Read Sun Dance Online

Authors: Iain R. Thomson

Sun Dance (57 page)

A man wearing a safety jacket and yellow helmet confronted me at the door. “You live here, mate?” his question expressed a note of incredulity. I nodded. “Bloody hell, in this ruin?” he attempted to look past me. Eilidh, carrying the boy, appeared at my elbow. Astonishment registered on his face, “Pardon the language lady, but Christ Almighty you don't live with a nipper in this, this?” He considered his words, “Is it not a bit of an outlandish dump of an island?” The coldness in Eilidh's blue eyes seemed lost on the man. He shook his head in apparent amazement.

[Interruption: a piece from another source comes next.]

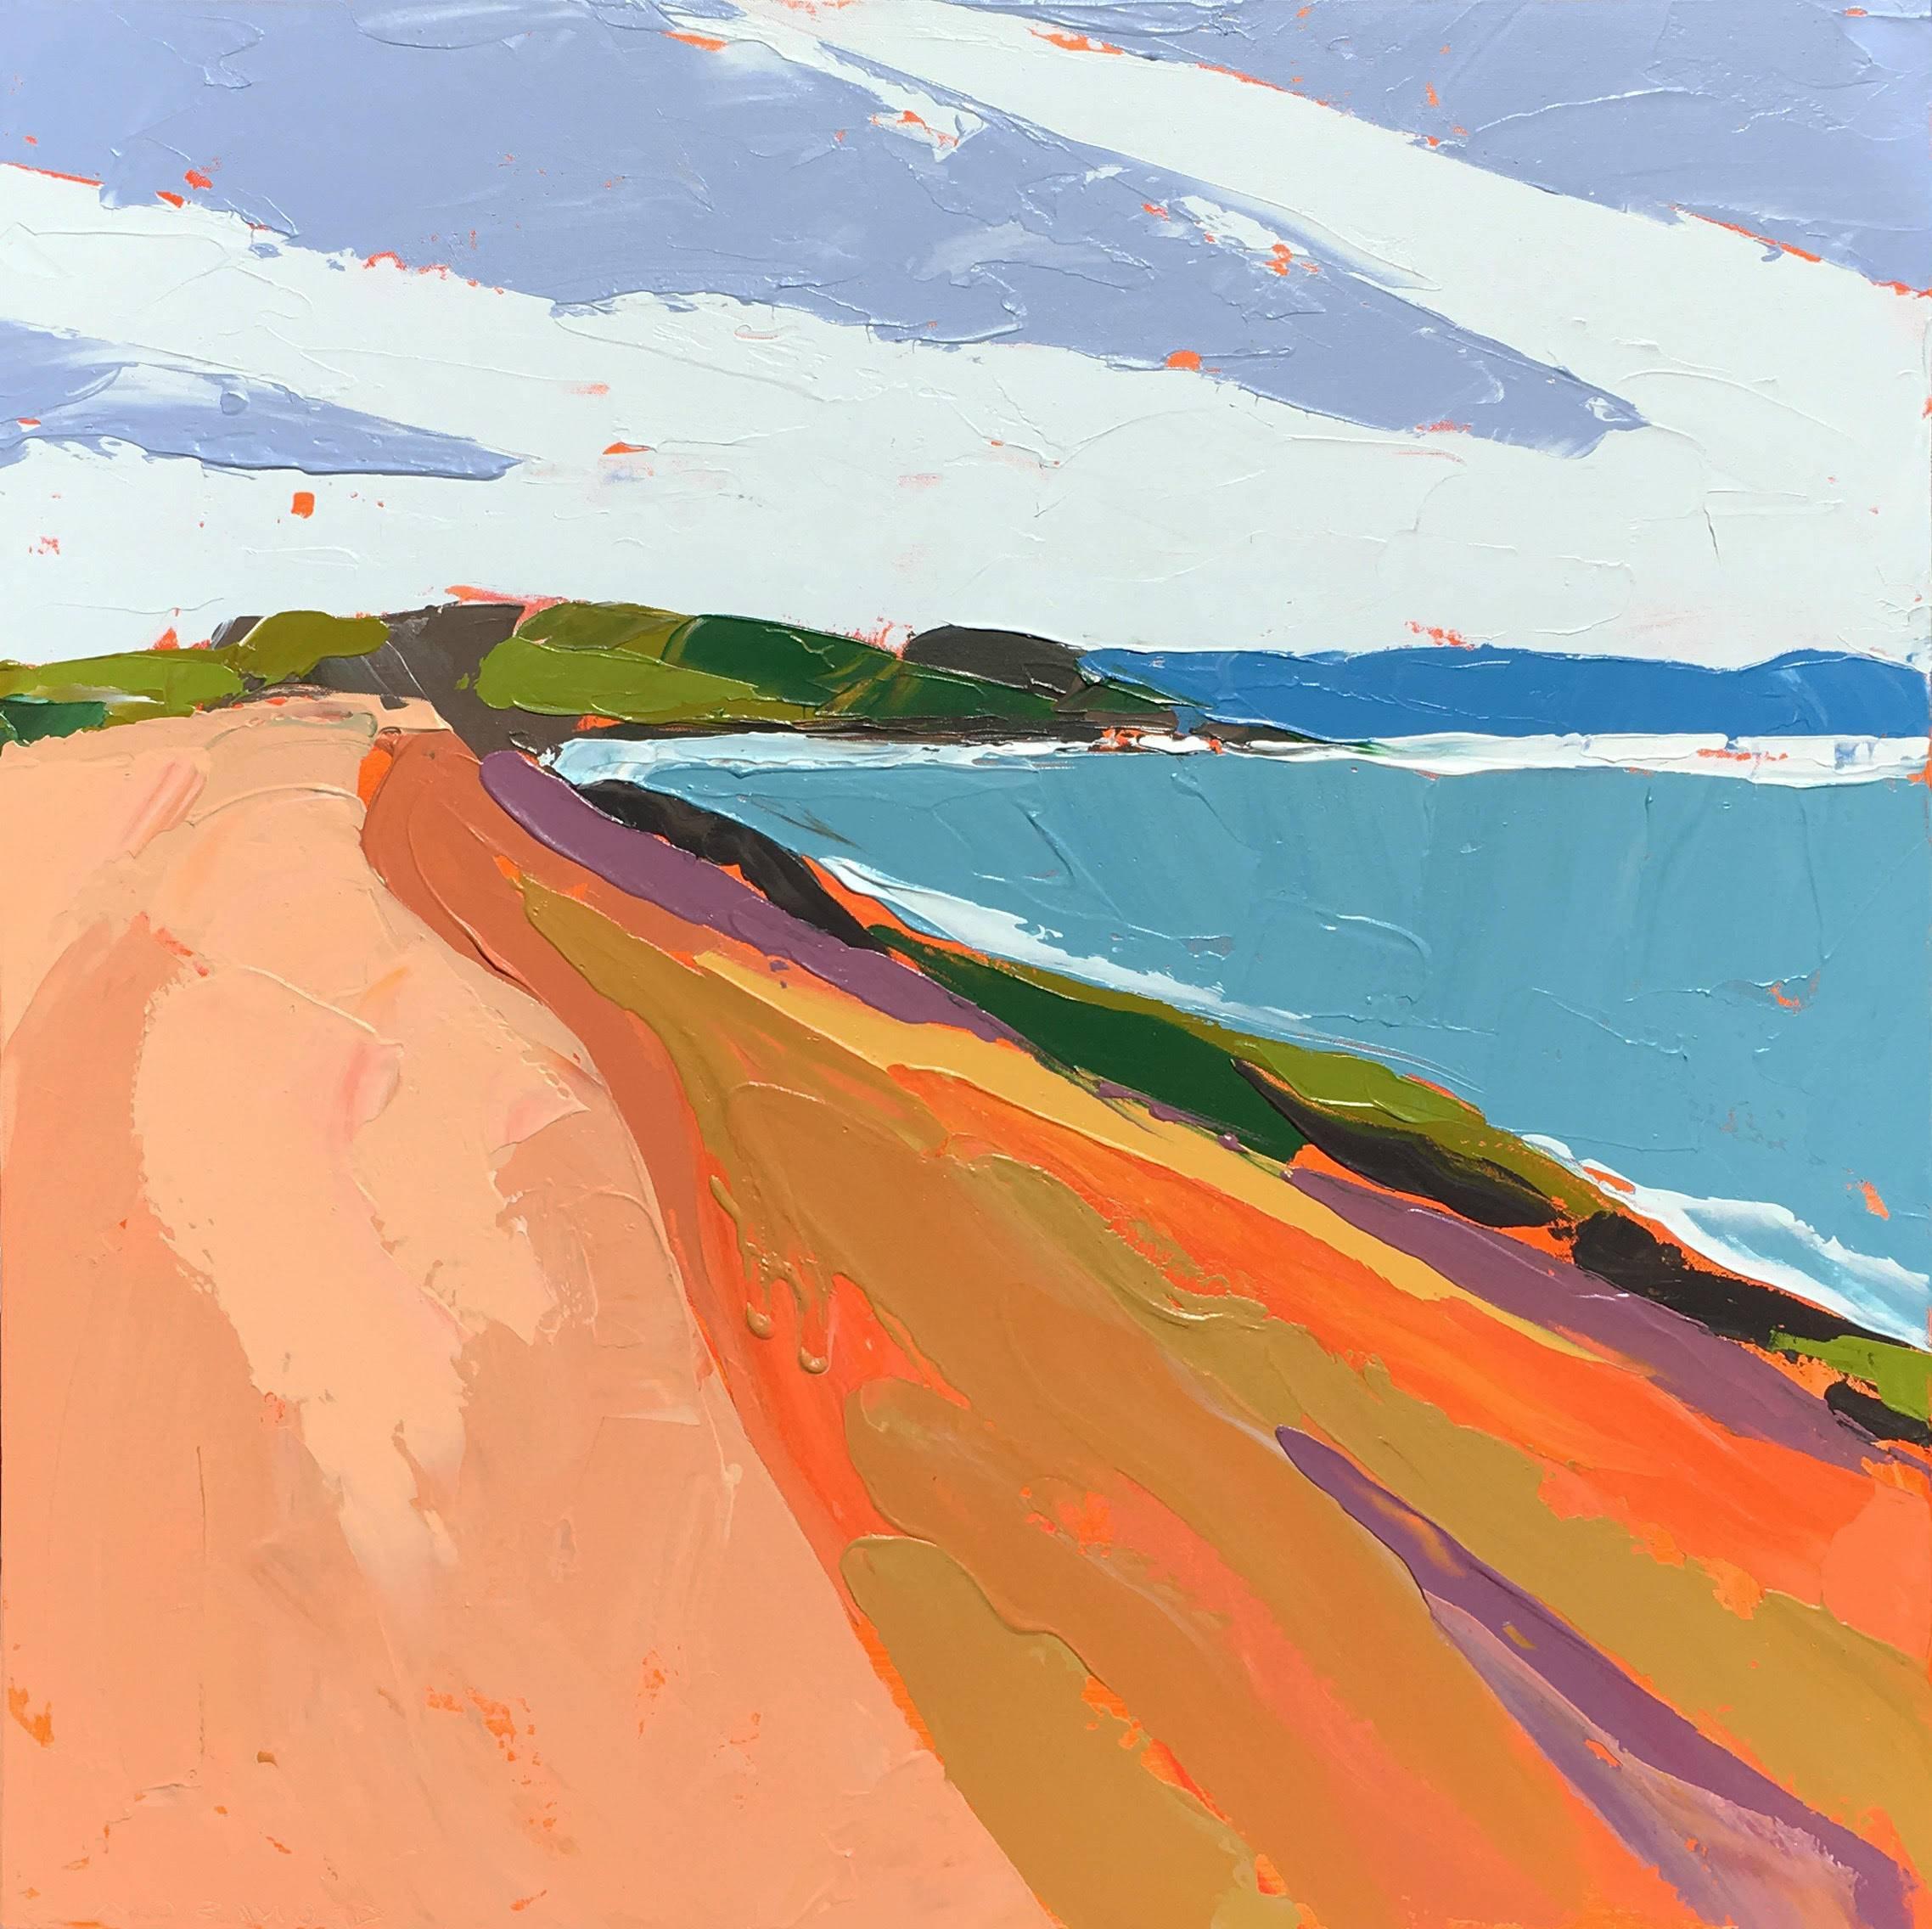 Paul Norwood Landscape Painting - "Above the Shore" Painterly Impasto Landscape with Orange Purple Turquoise Green

All day the airlift had continued. Heavy plant arrived, earth moving machinery, dump trucks, all manner of equipment was slung onto the machair. Teams of men landed. What appeared to be construction material was unloaded from the containers before helicopters whisked empty boxes aloft and disappeared back over the shoulder of the hill. We could only watch in disbelief. This was no army exercise. Our work about the croft halted. I'd been down checking the boat in the early morning and had sat awhile contemplating the fish cages and now a village of steel containers.” It's final decision time,” I'd said to Eilidh at breakfast. Equally despondent she'd agreed.

Whatever might be this man's authority in the fast developing scene, he stood on the doorstep as though attempting to come to terms with finding us here. “They gave me to understand the island was unoccupied.” “Well it's certainly not,” I spoke for the first time. The construction foreman, or whatever might be his role in this invasion, dropped his gaze and speaking deliberately, “You have a problem. My instructions are to site our workers camp kitchen right here, and pronto. This house has to go.” “Go, go where?” harshness sharpened Eilidh's voice. The man swung round on his heel and speaking over his shoulder, “Into the ground lady, tomorrow. Sorry, but that's my orders. Please yourselves.” Dumfounded though we were Eilidh reacted, “You'll need brute force to get us out,” she called after him. Stopping at ten paces, he looked back, “We'll see.”

Back in the kitchen I hugged the girl, waltzed them both round the room, desperate as our prospects had become, we laughed. Eilidh's eyes glinted, wild with fight, “They'll need to attack us with a bulldozer.” The visitor's threat served to raise our fighting spirit. We'd sit it out, see what happened. Lunch was eaten to the drone of heavy diesel generators, by four in the afternoon gangs of halogen lights blazed over the machair. Last thing at night I stood on the doorstep. Headlights illuminated the hillside, diggers and earth moving machines were in operation. Talk, talk, and try to sleep, it's either some projected military base or a major wind farm we decided. Men on shifts worked round the clock and darkness pounded with engines.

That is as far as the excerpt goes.